Noordwijkse Golf Club

I have no idea how to pronounce this and know we butchered it while there.
Here’s where my golf course ranking goes way off the rails versus professional ones. Noordwijkse is located in the Netherlands outside of Amsterdam, “hard on the North Sea.” I don’t know what that expression means but it just seemed to fit. You just can’t find this place – our cab driver reached the address and gave one of those ¯\_(ツ)_/¯ as the only visible indication that something was there was a slightly wider than a “bike path” path through the woods. After driving around Noordwijk for a while we came back and said “WTF let’s go for it.” We drove down the path for about a half mile or so and all of a sudden you come upon the course. For a guy from the Northeast US, all of this is a pretty cool experience and adds points to my ranking.
This course does not get a lot of play outside its members and when we came in and said we needed to rent clubs they had to actually scrape together members’ sets for us to use. The fact that few Yanks ever play here adds “exclusivity” points to my ranking.
Noordwijkse is a links course but meanders into the woods for a half dozen or so holes. Ranking critics take points off for this. Why? This adds uniqueness. You get a links and parkland feel making the holes unique and you have to play the wind game, then dodge the trees, then back to a ground game. Another underrated course, Tenby in Wales, combines some parkland holes with the links and Bandon Trails does an awesome job with this, too.

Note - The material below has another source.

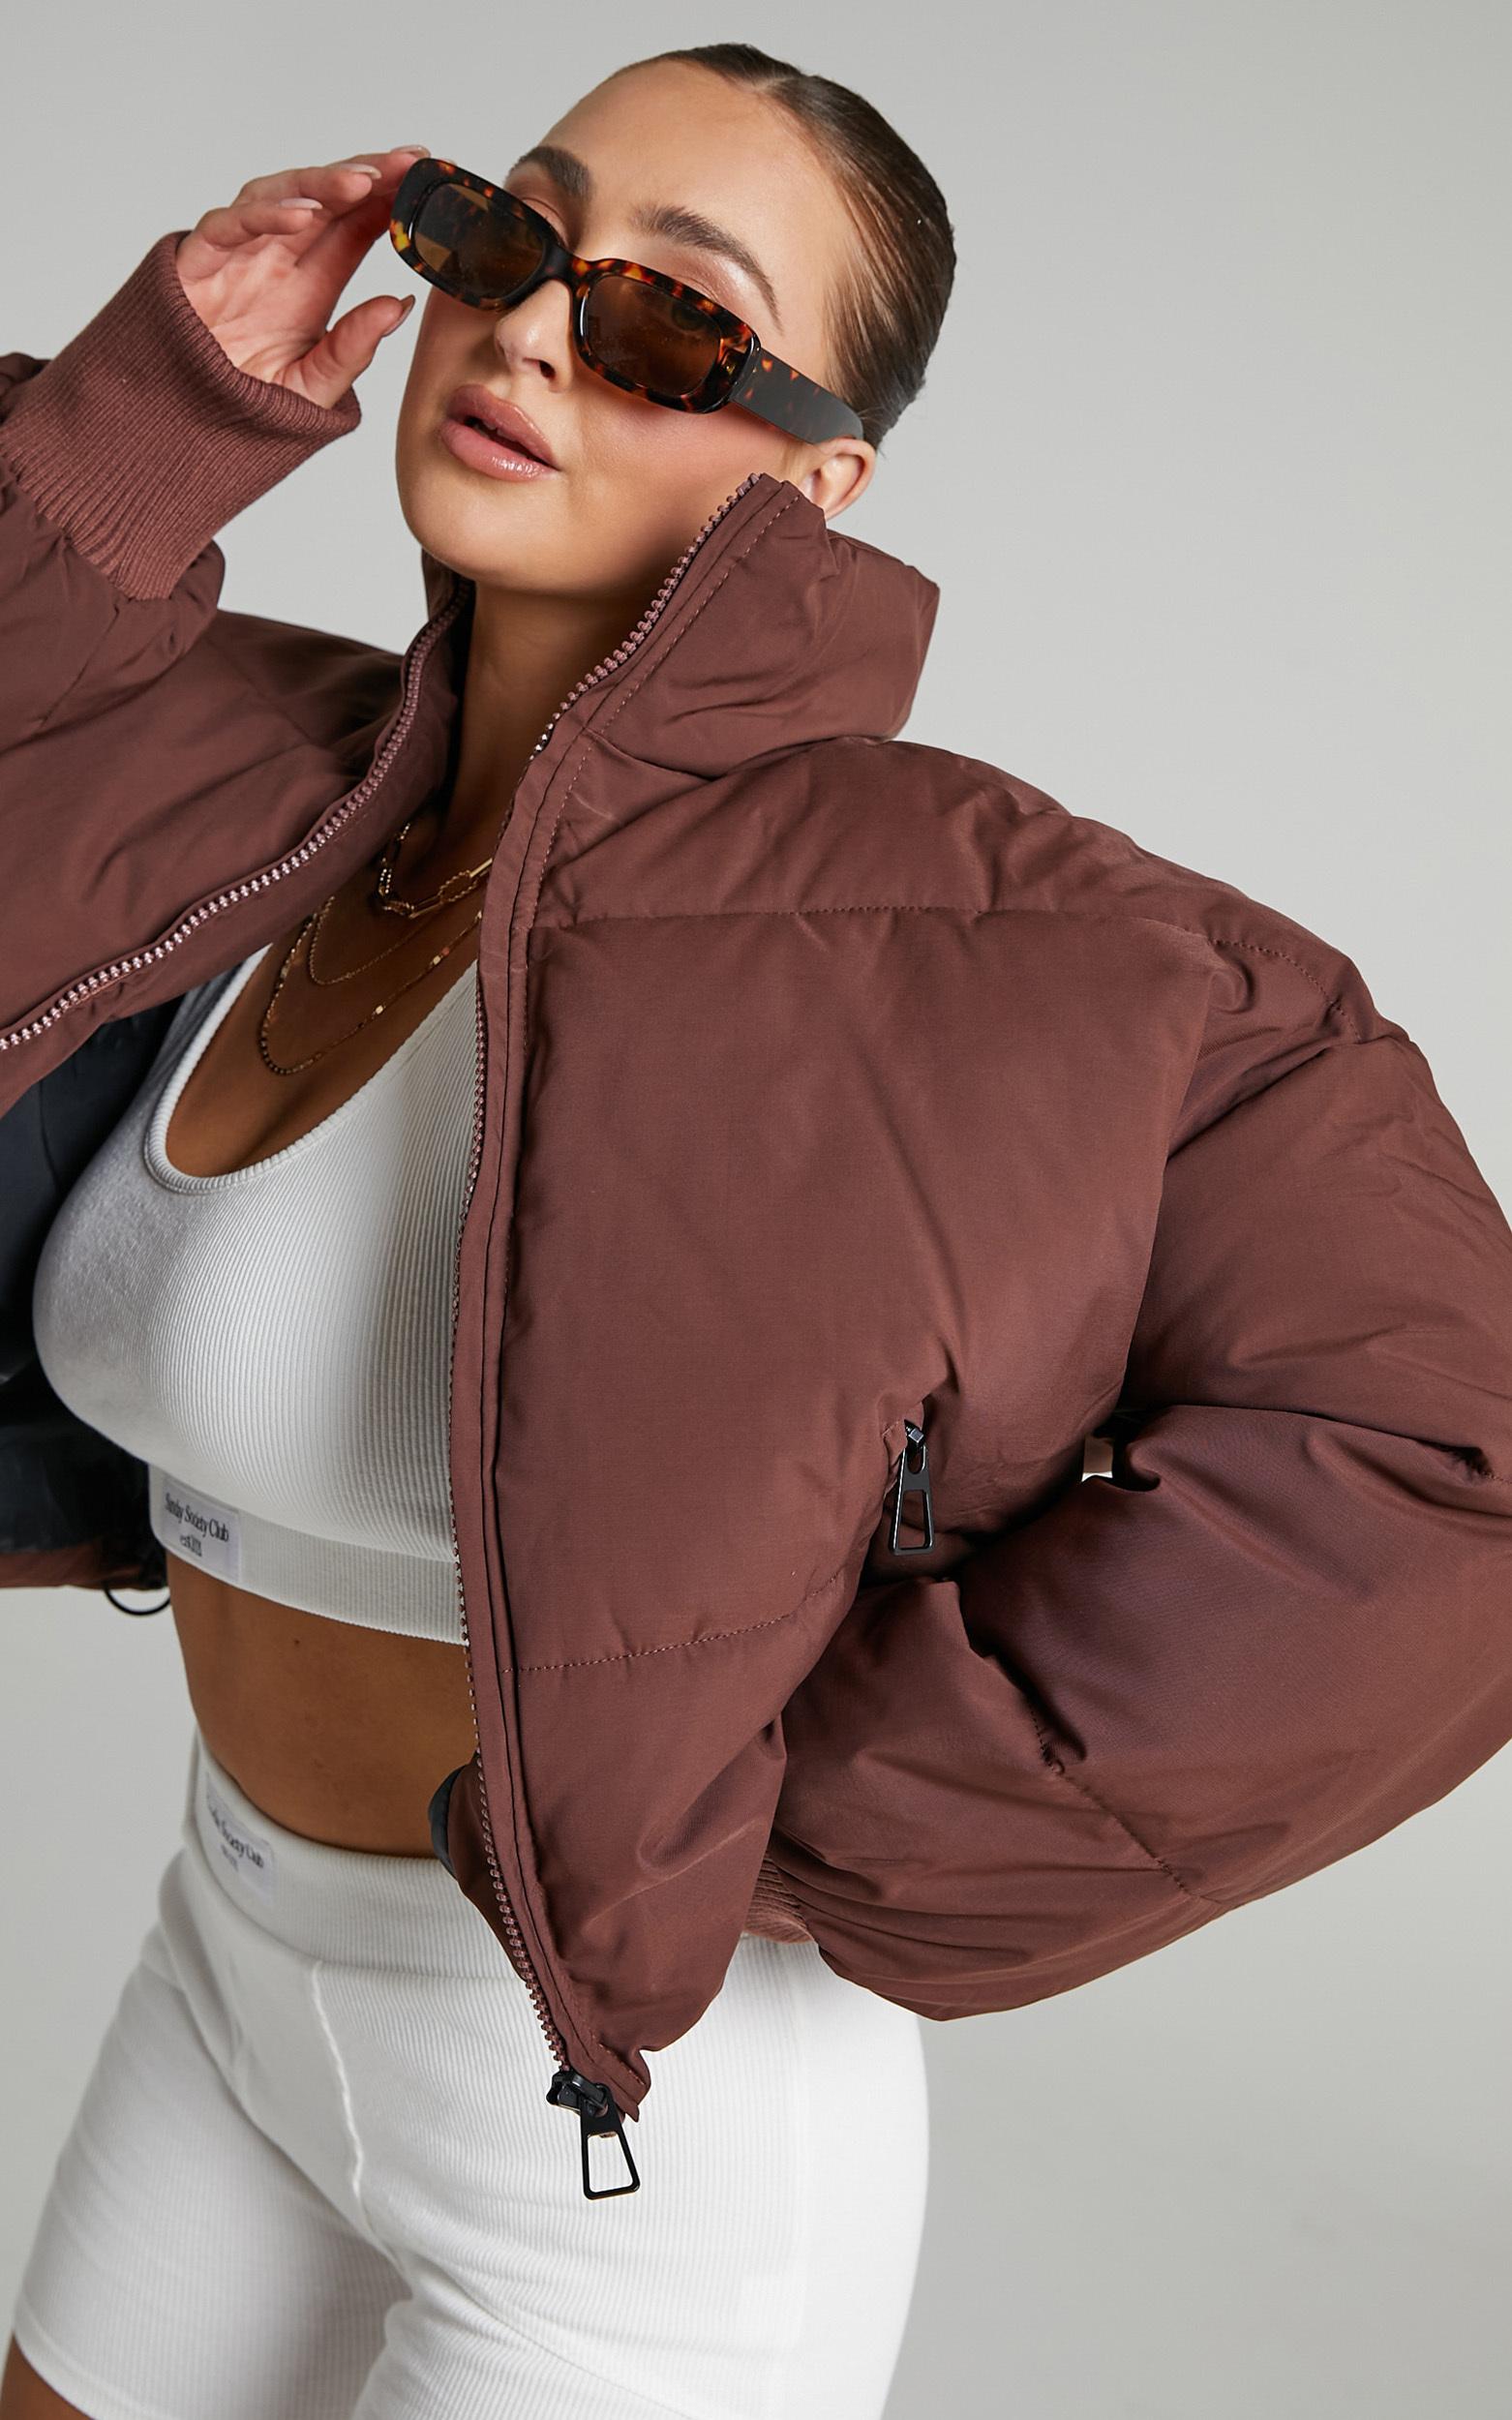 Windsor Puffer Jacket in Chocolate - 06, BRN4, hi-res image number null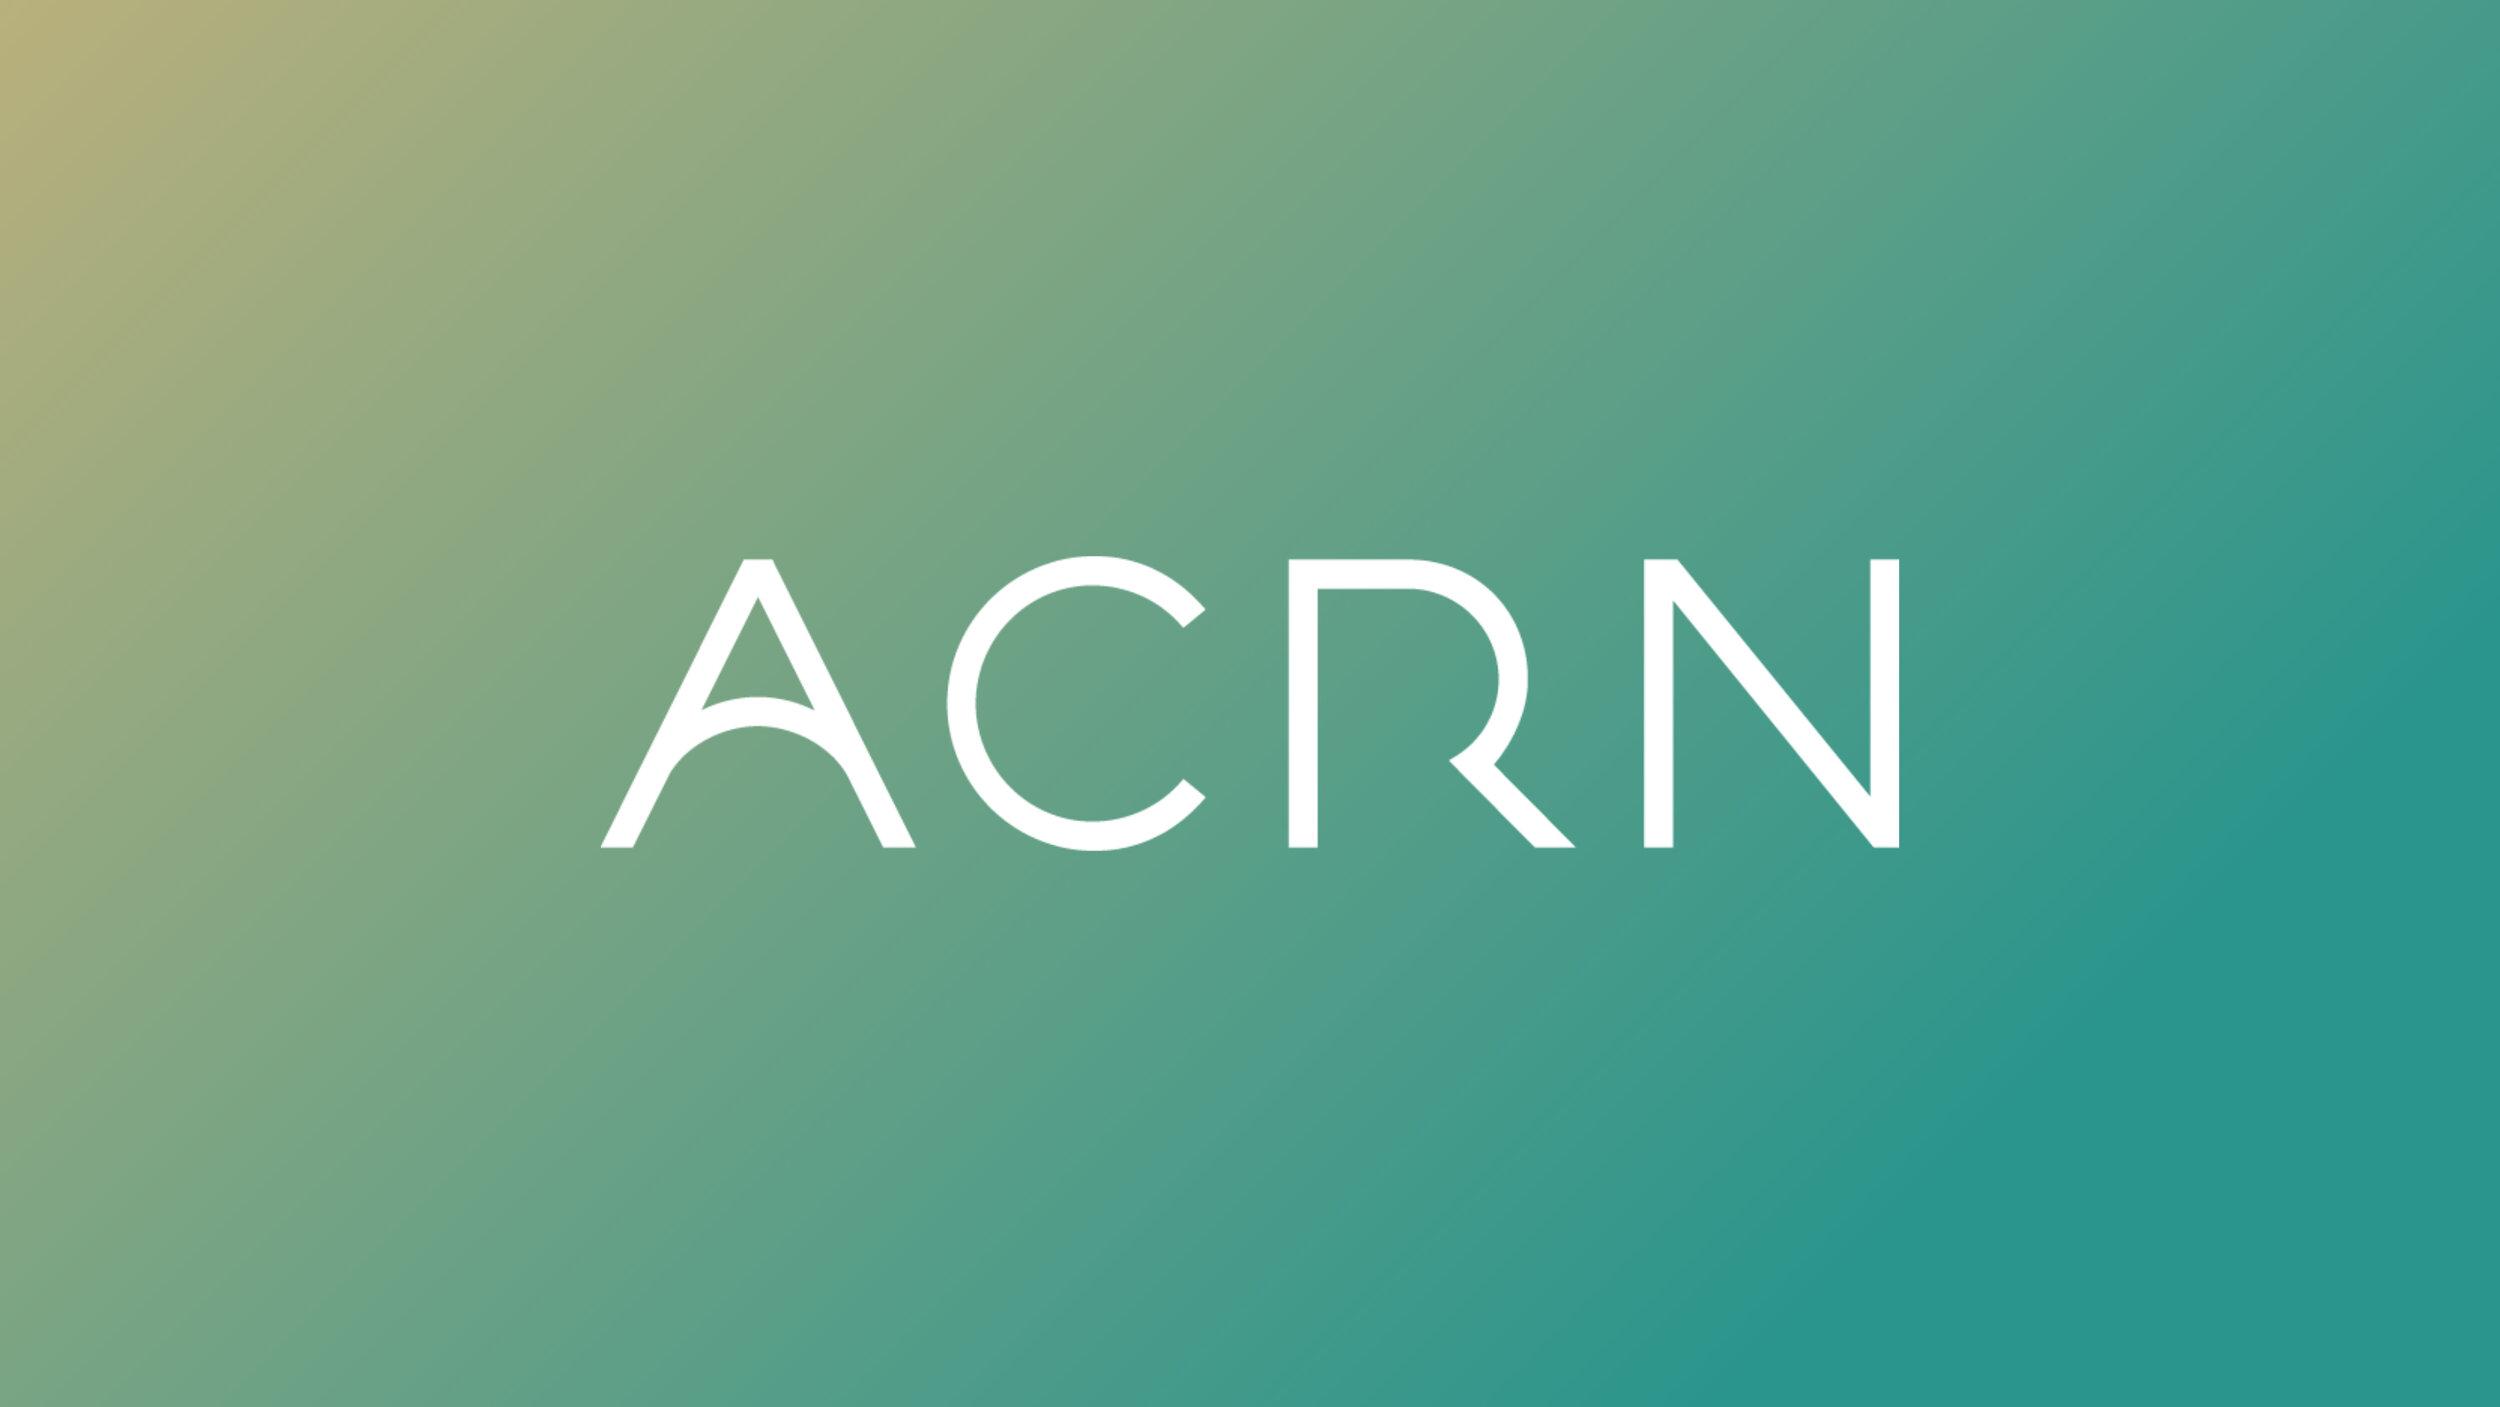 ACRN_Thumb.jpg

So all of this adds to the high ranking I give Noordwijkse but what sends it over the top and into the top ten is the experience and members. We got to the club right off the red eye from Philly. Besides setting us up with members clubs, the staff got us to the lockers for our luggage (not much more than a high school gym’s lockers BTW) then got us what we needed to shower. We ordered screwdrivers with breakfast and since we didn’t speak Flemish (or whatever language they were speaking) we had to describe what a screwdriver was. Before the round we chatted up the GM and the members. The entire group was so proud of their course and really wanted to know what we thought of it after our round (and how the hell we found it). Everyone should feel the same pride in their home course.
So after nine rainy holes, we made it back to the clubhouse and decided to grab some “walkers.” So we order a six pack of walkers and the bartender starts opening them. We’re like, “No no, we want to take them out on the course.” Walkers were a foreign concept to him. So he looks over to the GM for approval who yells across the bar, “Let the Americans do what they want.”
I went to Amsterdam/Noordwijkse in 2015 with a couple of high school buddies as part of our 50th birthday celebration. Here’s how lame I am. So we’re celebrating reaching our half century milestone in sin city – a city that makes even Las Vegas blush. So what do I do? I ask my buddies if I can fly my daughter and her friend up from Rome to join us for the weekend. Here’s how lame they are, they said yes. Despite this, I recommend Amsterdam. Fun city. For eats I recommend Cau Steakhouse or for more of a local flavor try De Roode Leeuw which is right on the Dam Square. It’s a hotel and restaurant.
Since we were there with my daughter and her friend we did do the touristy stuff in Amsterdam, including the Anne Frank house. There was a brutal line to get in but as we had a couple of “waiters” we were able to find the closest bar and pre-game and wait for them to text us that we were next in line. Pretty sobering place so I recommend un-sobering before you go there.
Finally, we also shot down to Brussels during our trip here. Of course this is Beer Nirvana for beer nerds and we go to a bar there and my buddies are taste-testing like 20 different Belgian beers and generally sucking up my beer-drinking time. Finally when the bartender gets to me, I ask him, of course, if he has Miller Lite. He gives me the same snooty look as the maitre d’ from the French Restaurant in Ferris Bueller and says, “No, we do not have the Miller Lite.” So I says to the bitch, “Do you have anything that tastes like Miller Lite?” He shot back, “Well I can piss in a glass for you.” Two points for the snooty bartender on that comeback.